Supreme Court of Canada rules in favour of tax deductible mortgages! January, 2009
Breaking News: Court Ruling Good for
Mortgage Brokers Supreme
Court of Canada rules in favour of tax deductible mortgages! Mortgage
Brokers and Financial Advisors that are engaged in restructuring debt for tax
efficiency can finally sleep easy. For almost a year, tax efficient mortgage
strategies have been under critical review by the Supreme Court of Canada in
the much acclaimed court case Lipson et. Al. v. the Queen. On January 8th 2009, the Supreme Court of
Canada published their decision on this closely monitored General
Anti-Avoidance Rule (“GAAR”) court case that involved taxpayers making their
mortgage interest tax deductible among other transactions. “After a nail
biting 8 months, we finally have a definitive answer on GAAR and tax efficient
mortgages – and it is very good news for homeowners as well as the mortgage
brokers that advise them.” said Sandy Aitken, President of TDMP.COM. “We’ve
advised thousands of homeowners mortgage brokers in how to structure these
deals properly under the tax rules. We are delighted to see that the TDMP tax
strategy was unanimously supported by these seven judges in the highest court
of the land.” While the Supreme Court Justices were split (4-3) on their
decision regarding the Lipson’s Appeal, the most interesting revelation in the
written decision is that the judges unanimously agreed that the Lipsons were
very well within their rights to restructure their mortgage for tax benefits
under paragraph 20(1)(c) and subsection 20(3) of the Income Tax Act (“ITA”)i.

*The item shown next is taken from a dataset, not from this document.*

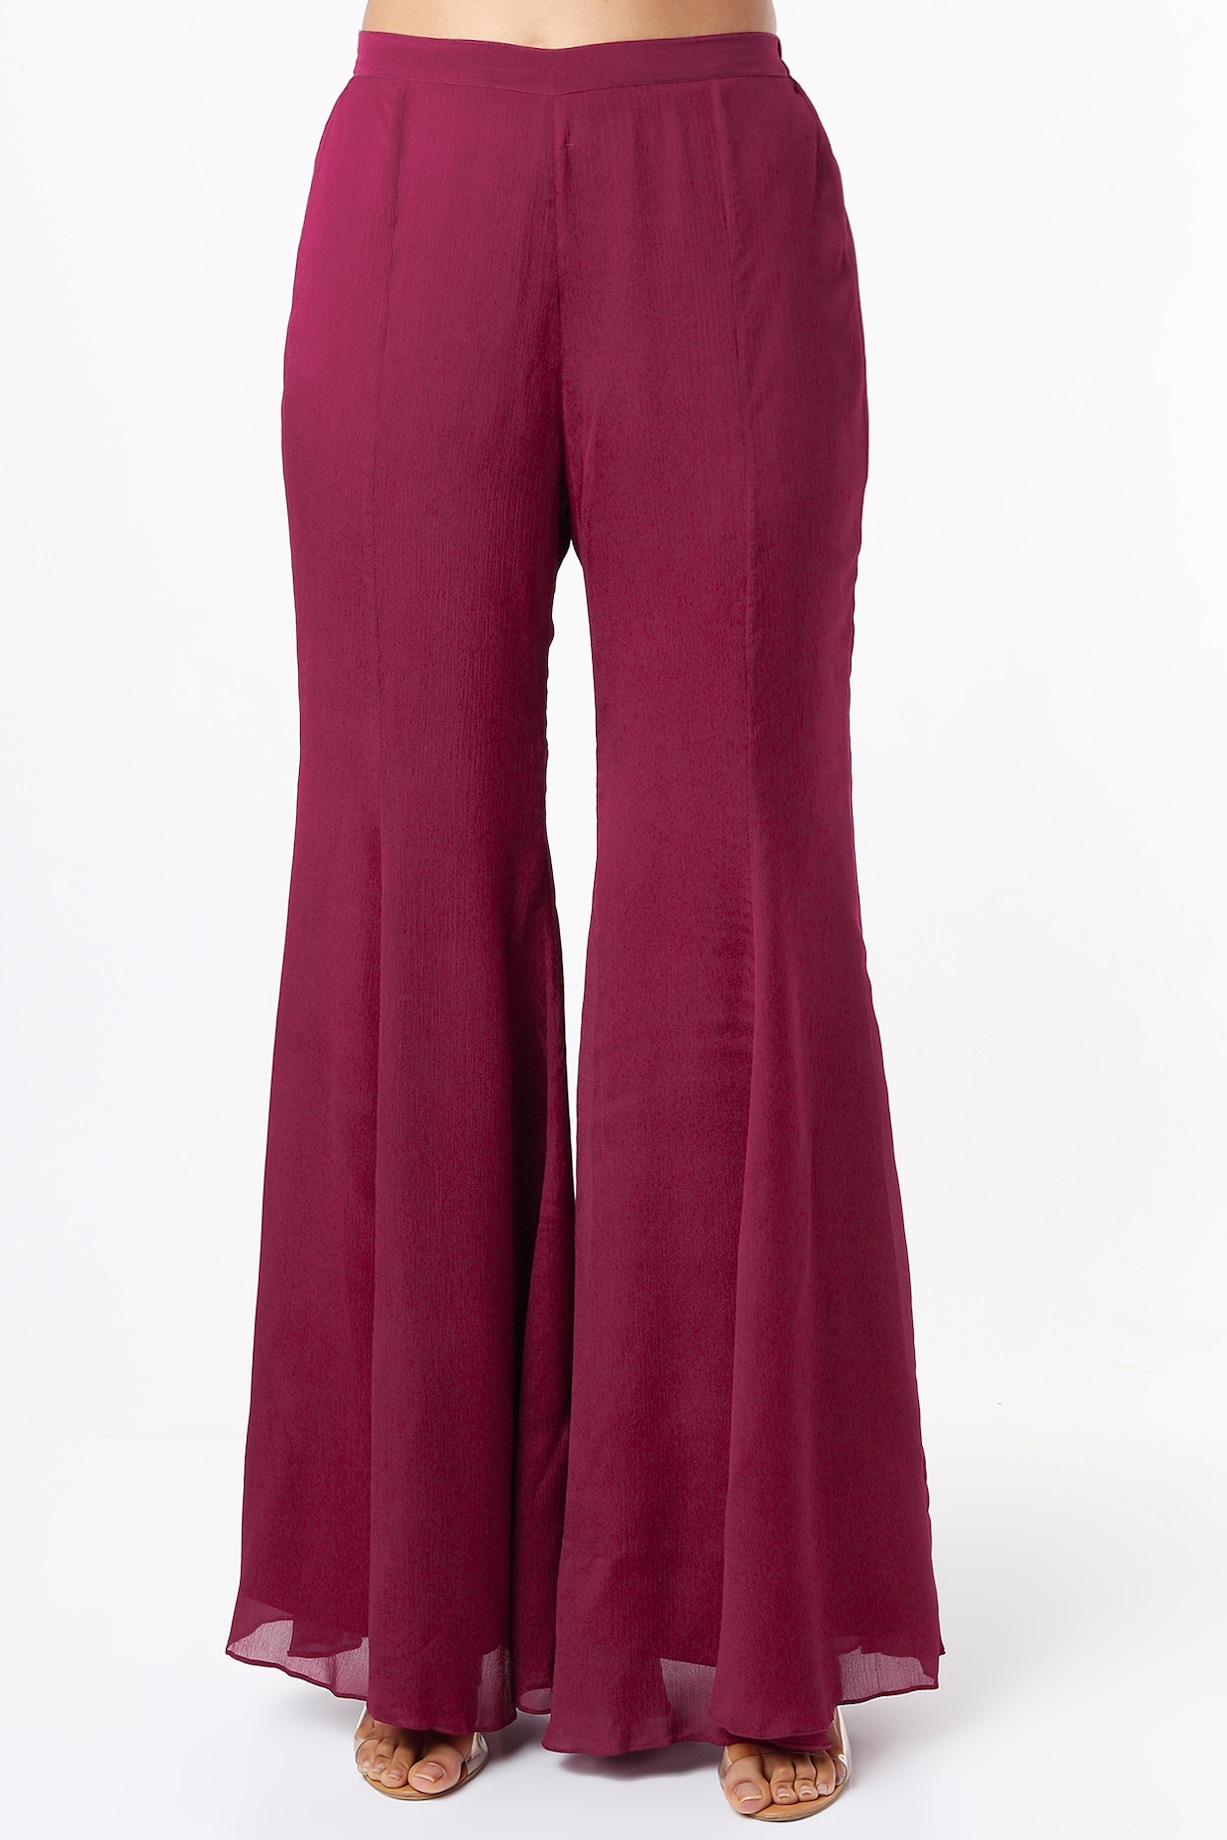 Burgundy Chiffon Bell Bottom Pant Set Design by Sneha Parekh at Pernia's  Pop Up Shop 2024
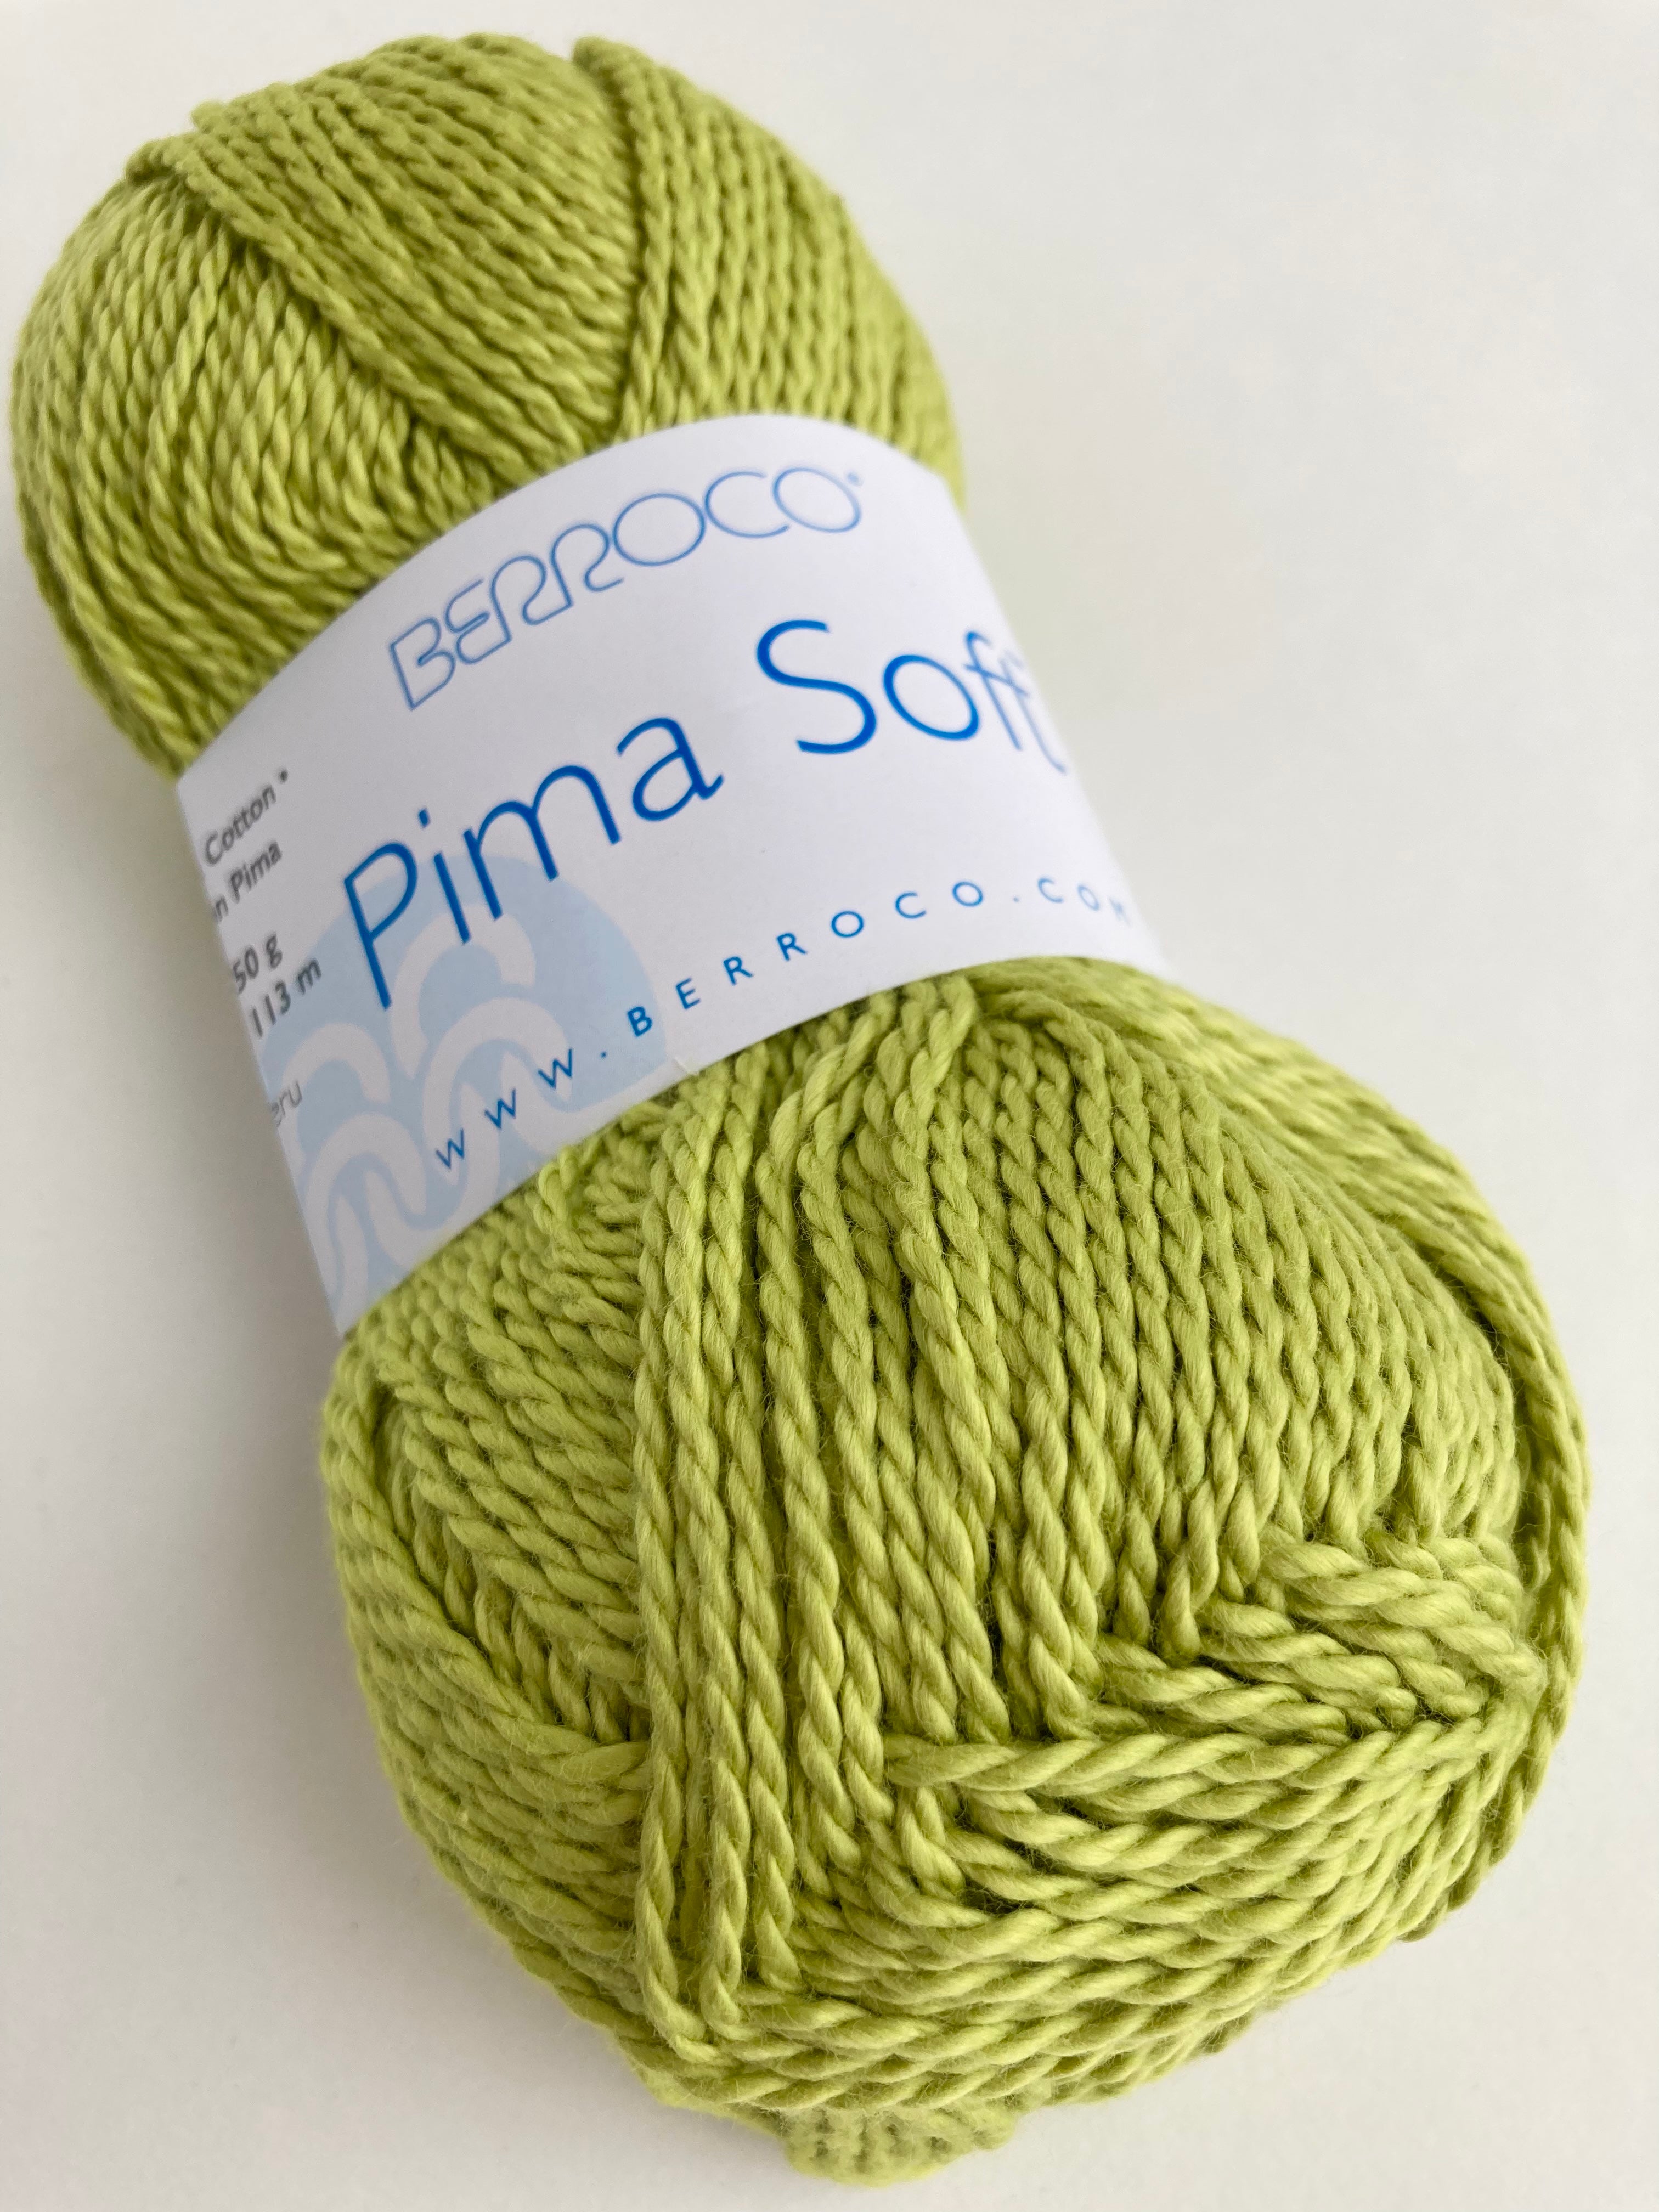 Pear 4638 - Pima Soft from Berroco

In fact, the dissenting views among the judges were
restricted to the application of GAAR with respect to the income attribution
rules related to subsections 73 and 74.1 of the ITA (also known as the
“spousal twist”) as well as the government’s failure to assess the taxpayer
under 74.5(11) instead of GAAR with respect to these same income attribution
rules. Differing opinions among Supreme Court Justices on these specific “spousal
twist” issues were no doubt responsible for the court taking so long to
render a judgement in the case. However, for ordinary homeowners with
conventional mortgages structured for maximum tax benefits, it was worth the
wait. It is now clear that there is nothing to prevent taxpayers taking full
advantage of their entitlement to tax benefits that can result from
restructuring their mortgage to more tax efficiently match up with their
assets. “This is a landmark decision and a huge win for Canadian homeowners
with tax efficient mortgages” said Aitken. “Not only did the judges
specifically reaffirm the precedents set in prior court decisions- upon which
we all rely: Duke of Westminsterii [1936] and Singletoniii [2001], they went one step further to rule that
taxpayers have the right to restructure their debt without any threat of such
transactions being caught under GAAR. More specifically, the Justices agree
that taxpayers are allowed to make their mortgage interest tax deductible by
restructuring their mortgage debt to align with eligible purposes.” TDMP.COM
is Canada’s largest provider of tax efficient mortgage solutions and provides
Public Seminars and TDMP Mortgage Broker Certification Training in all major
urban centres across Canada.
i Supreme Court of Canada Citation:
Lipson v. Canada 2009: Per LeBel, Fish, Abella and Charron JJ.: The Minister
has failed to establish that the purpose of ss. 20(1)(c) and 20(3) have been
misused and abused. The series of transactions did not become problematic until
the taxpayer and his wife turned to ss. 73(1) and 74.1(1), in order to obtain
the result contemplated in the design of the series of transactions which
resulted in the taxpayer applying his wife’s interest deduction to his own
income. ii Supreme Court of Canada Citation:
Lipson v. Canada 2009: Paragraph 19: It has long been a principle of tax law
that taxpayers may order their affairs so as to minimize the amount of tax
payable (Commissioners of Inland Revenue v. Duke of Westminster, [1936] A.C. 1
(H.L.)). This remains the case. However, the Duke of Westminster principle has
never been absolute, and Parliament enacted s. 245 of the ITA, known as the
GAAR, to limit the scope of allowable avoidance transactions while maintaining
certainty for taxpayers (Canada Trustco, at para. 15). iii Supreme Court of Canada Citation: Lipson v. Canada
2009: Per Binnie and Deschamps JJ. (dissenting): “Singleton” illustrates the proposition that
there is nothing abusive in principle for a taxpayer to rearrange his or her
capital (borrowed or non-borrowed) in a tax efficient manner. The Minister is
not asking the Court to revisit Singleton. He does not claim that GAAR would
have applied in that case. The Minister acknowledges here that “it is common
ground that the interest was deductible”.